Observation data (J2000 epoch)
- Constellation: Andromeda
- Right ascension: 00^{h} 02^{m} 14.5^{s}
- Declination: +45° 05′ 20″
- Heliocentric radial velocity: −337.2 km/s
- Distance: 4,420 ± 290 kly (1,355 ± 88 kpc)
- Group or cluster: Local Group
- Apparent magnitude (V): 15.50 ± 0.24
- Absolute magnitude (V): −10.41 ± 0.28

Characteristics
- Type: dSph
- Mass: 4.2×10^{6} ± 0.3×10^{6} M_{☉}
- Half-light radius (physical): 325 ± 24

Other designations
- PGC 5056918

= Andromeda XVIII =

Galaxy in constellation Andromeda

Andromeda XVIII, discovered in 2008, is a dwarf spheroidal galaxy (has no rings, low luminosity, much dark matter, little gas or dust), which is a satellite of the Andromeda Galaxy (M31).
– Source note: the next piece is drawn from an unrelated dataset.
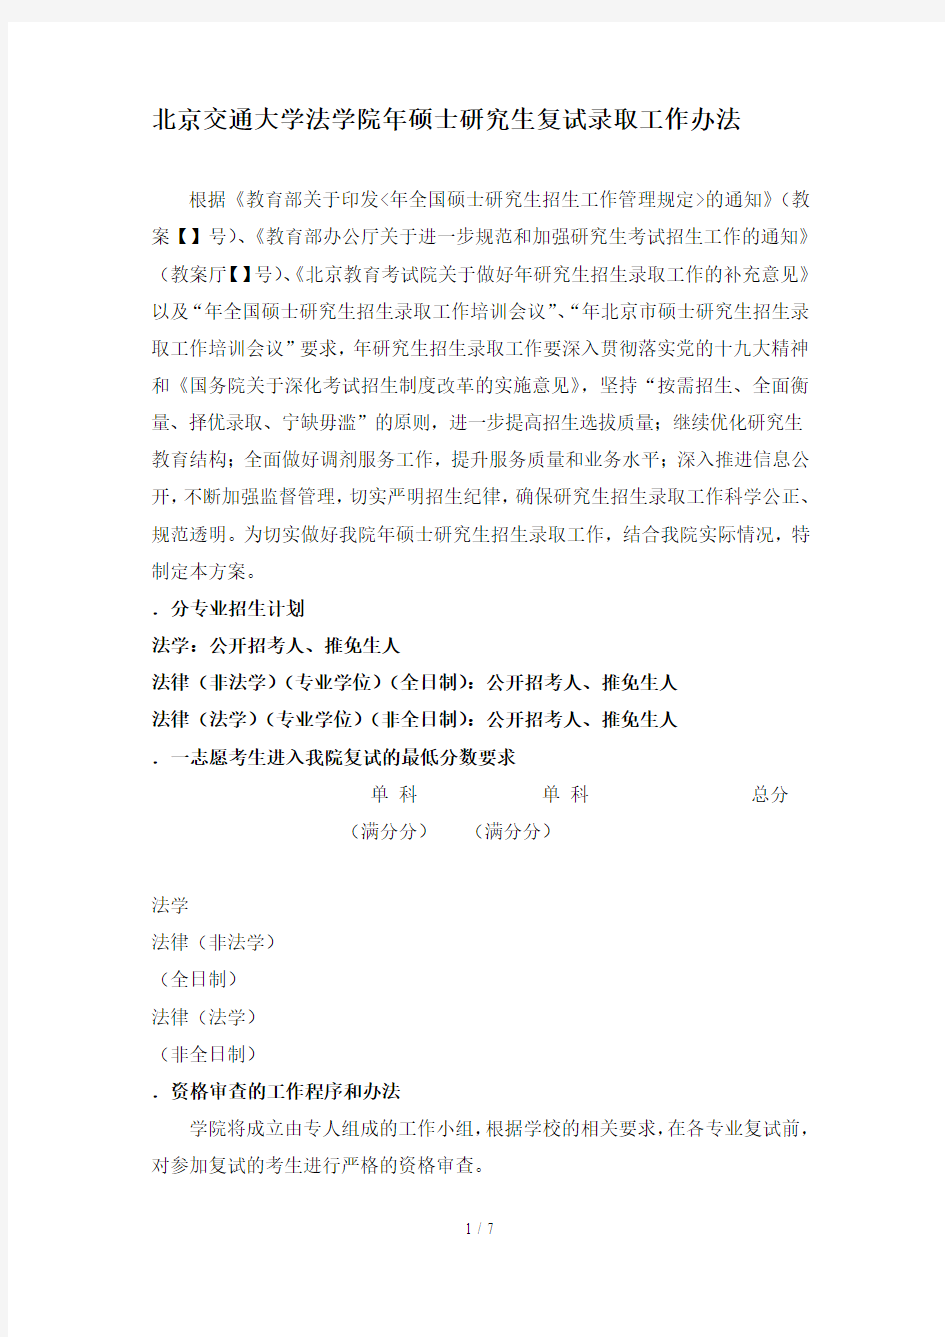 北京交通大学法学院2019年硕士研究生复试录取工作办法

It is one of the 14 known dwarf galaxies orbiting M31. It is relatively isolated, being about 1.8 million light-years (579 kpc) away. However, for an isolated dwarf galaxy it is also unusually quiescent. This suggests that Andromeda XVIII is a backsplash galaxy, a galaxy that once had a close orbital encounter with a more massive galaxy which stripped it of much of its star-forming matter. However, alternative hypotheses are also possible for Andromeda XVIII.

It was announced in 2010 that the orbiting galaxies lie close to a plane running through M31's center.